Monday, September 7, 2009

Resources on demand - close but not there yet...

Following a user request a few weeks ago we started upon an ambitious plan to reserve computing resources on a national wide scale. The plan was simple. The objective was to have weather predictions made using the wrf model on a daily basis for three European cities; Athens, Barcelona and Lisbon. As this model is parallelized using the MPI library we needed enough resources on three separate Grid sites. We forwarded this request to our national NGI (HellasGrid) which in turn arranged for the reservation of the resources and voila: a total of 36 physical cores was daily reserved for our user experiment which we came to know as the Thermopolis Project.

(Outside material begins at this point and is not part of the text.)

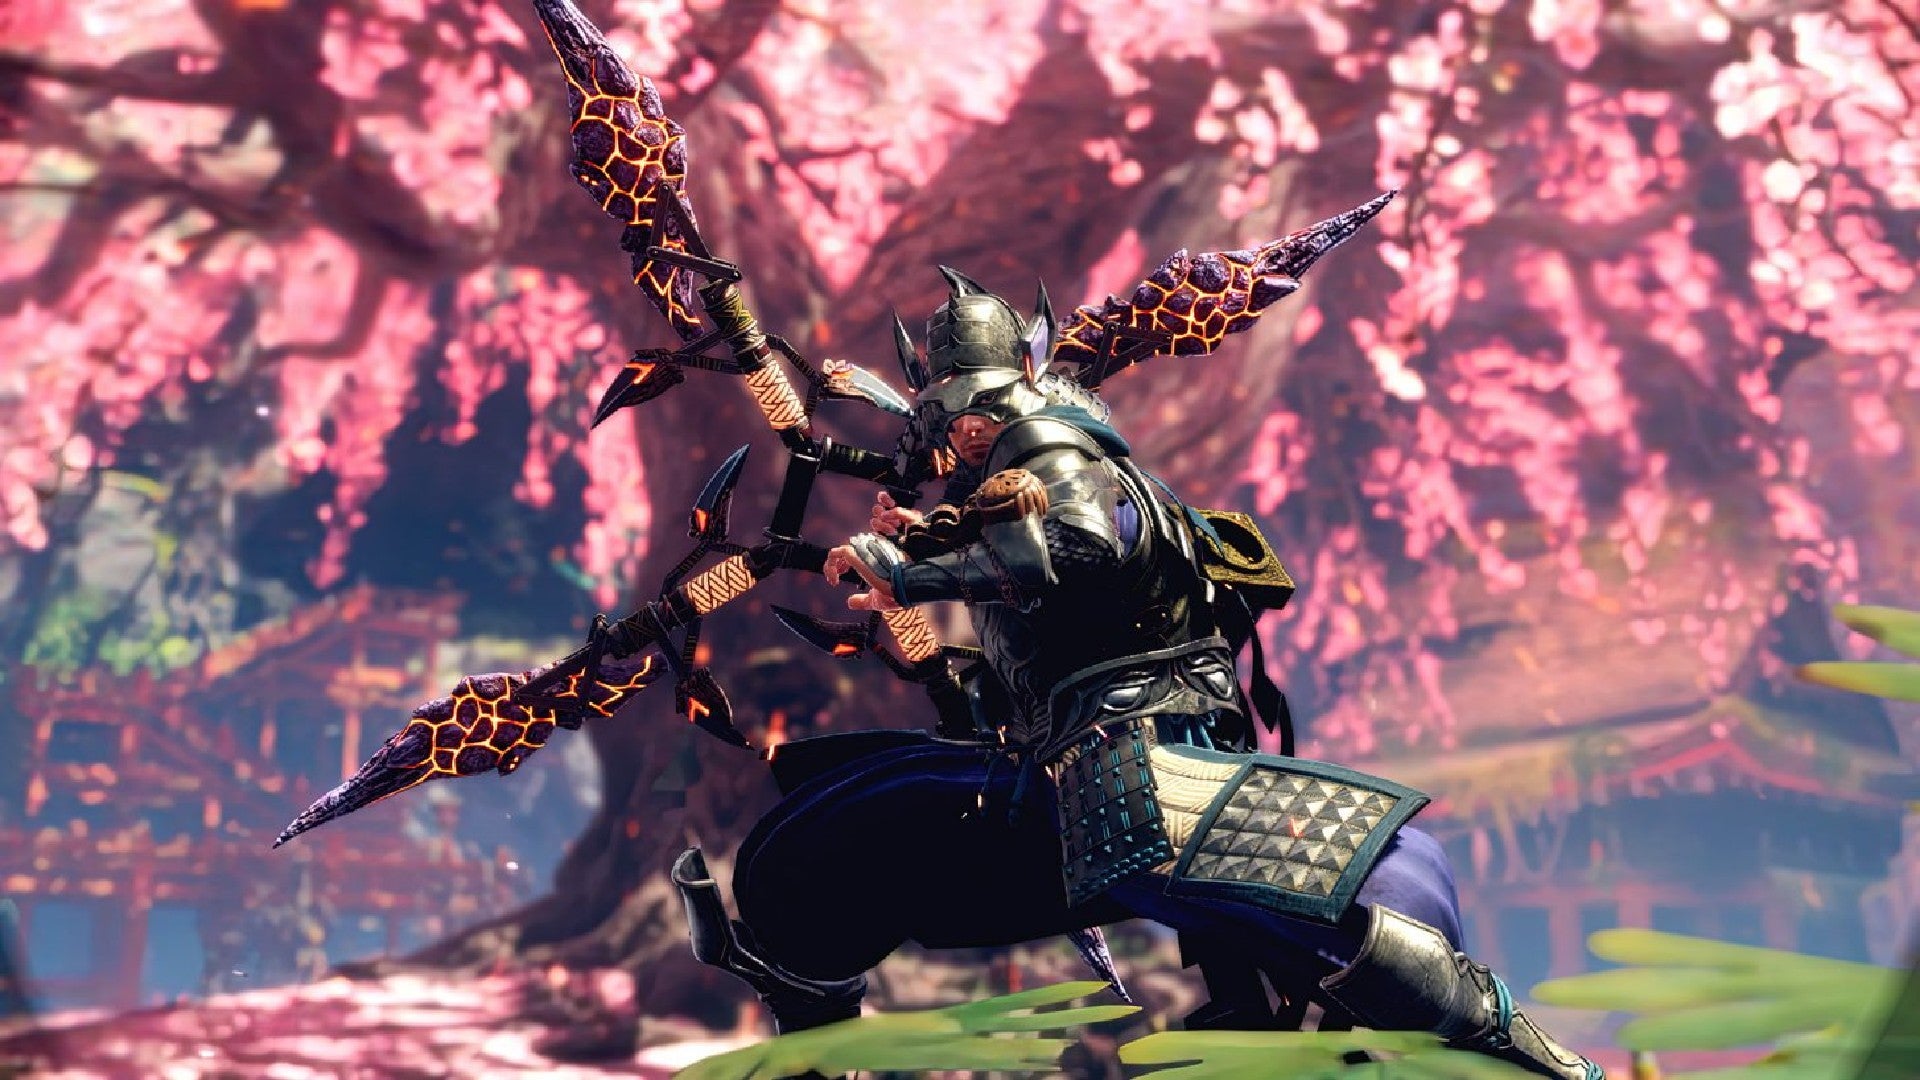 Wild Hearts image showing a player wearing samurai armor and holding a large bow, with a flowering tree in the background.
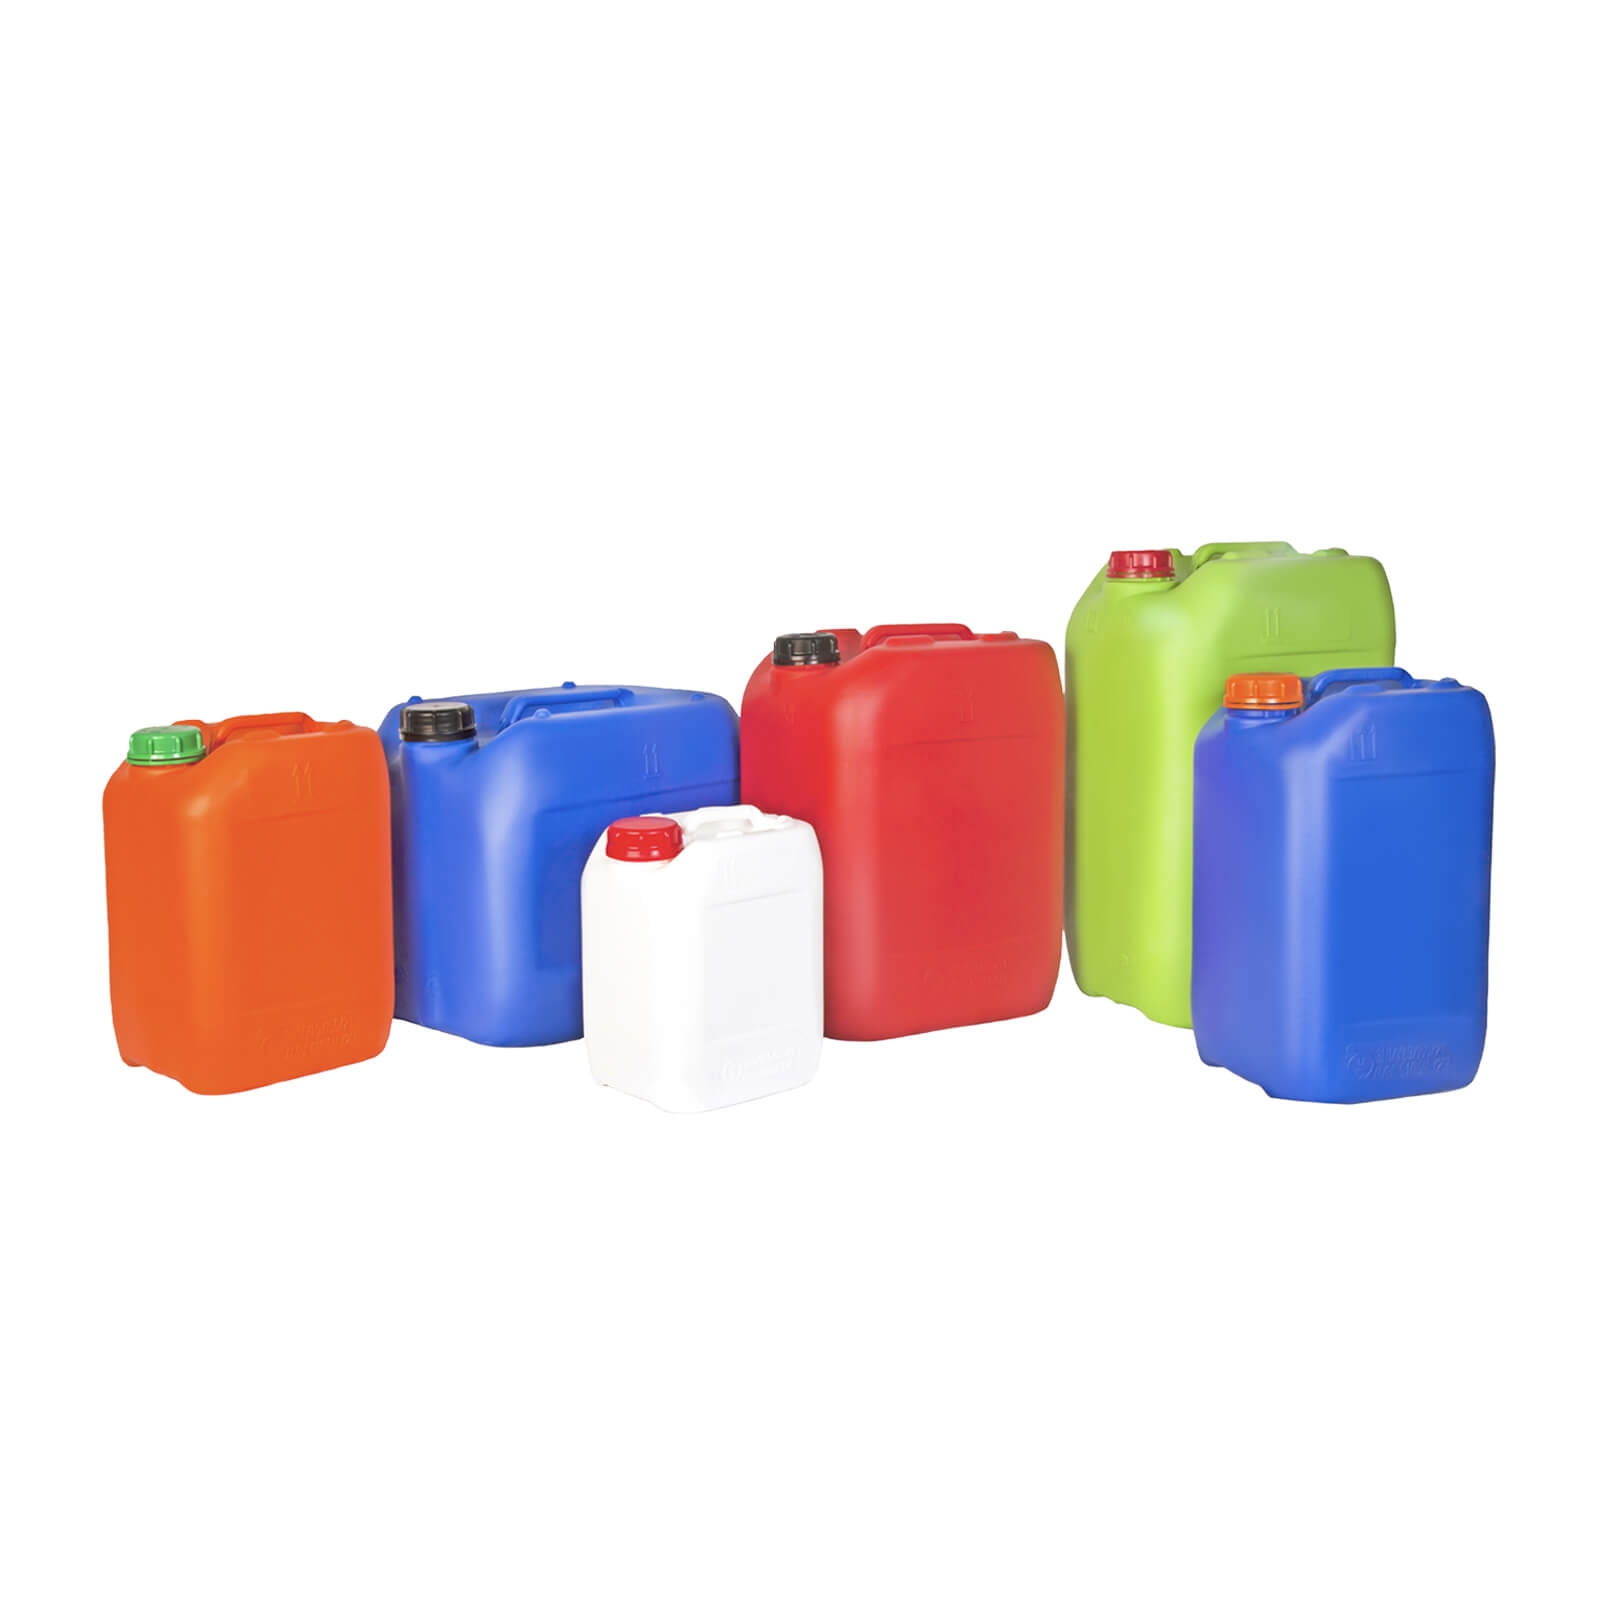 Euro-Jerrycan-group_secondary

The outcome of this project was very successful. First of all, the reservation policies were quickly arranged by the Grid site administrators and secondly the overall calculations were completed more or less in time thus qualifying as predictions and not just calculations.

It is thus good to know that such reservation policies can be arranged in coordination with the NGI even though there is still ground to cover until we reach the point where a user will have resources on demand. Actually I am not sure if this is the point we want to reach but if you consider the "Grid will provide cpu resources much like the power grid provides electrical power" phrase that stuck in my mind in the beginning of my involvement with Grid technologies this may well be it. Nonetheless it is reassuring to know that in a couple of days or maybe less a researcher doing environmental or seismological or whatever sort of research with a clear impact on our day to day life can ask for and get the required resources needed for his or her work.

Wednesday, July 15, 2009

Can OpenMP be supported on the EGEE Grid?

Following a hack made about a month ago on the GRAM module the question still remains open. Is it possible to run OpenMP parallelized code on the production EGEE Infrastructure? The answer is still 'yes and no'. It is yes, because one can either use preproduction services such as the Cream CE or adopt to hacked versions of the GRAM module of the PBS server and it is no because none of the above can claim to be of production quality -at least for the moment they can't.

It thus looks like it is an open race where tech gurus and developers may compete against in the near future over best practices in the adaptation of shared memory parallelism on a Grid infrastructure.

The most important issue to address in this informal competition is IMHO how to connect information stemming from the user on the UI across the WMS service onto the gatekeeper on the CE and finally onto the PBS service. Actually, the one to succeed in this task will not only have solved and addressed the issue of running shared memory parallel applications on a production Grid but moreover the issue of exploiting the Infrastructure in the exact accordance of one's needs.

In example, memory requirements or wall-clock time estimations may then be adapted by the users of the infrastructure thus allowing more memory demanding jobs to be executed on specific machinery of the infrastructure and for backfilling mechanisms to be implemented.

One can only begin to imagine the boost in robustness that such a mechanism may bring to the wider EGEE community. It will lead us from a production infrastructure to a production quality infrastructure.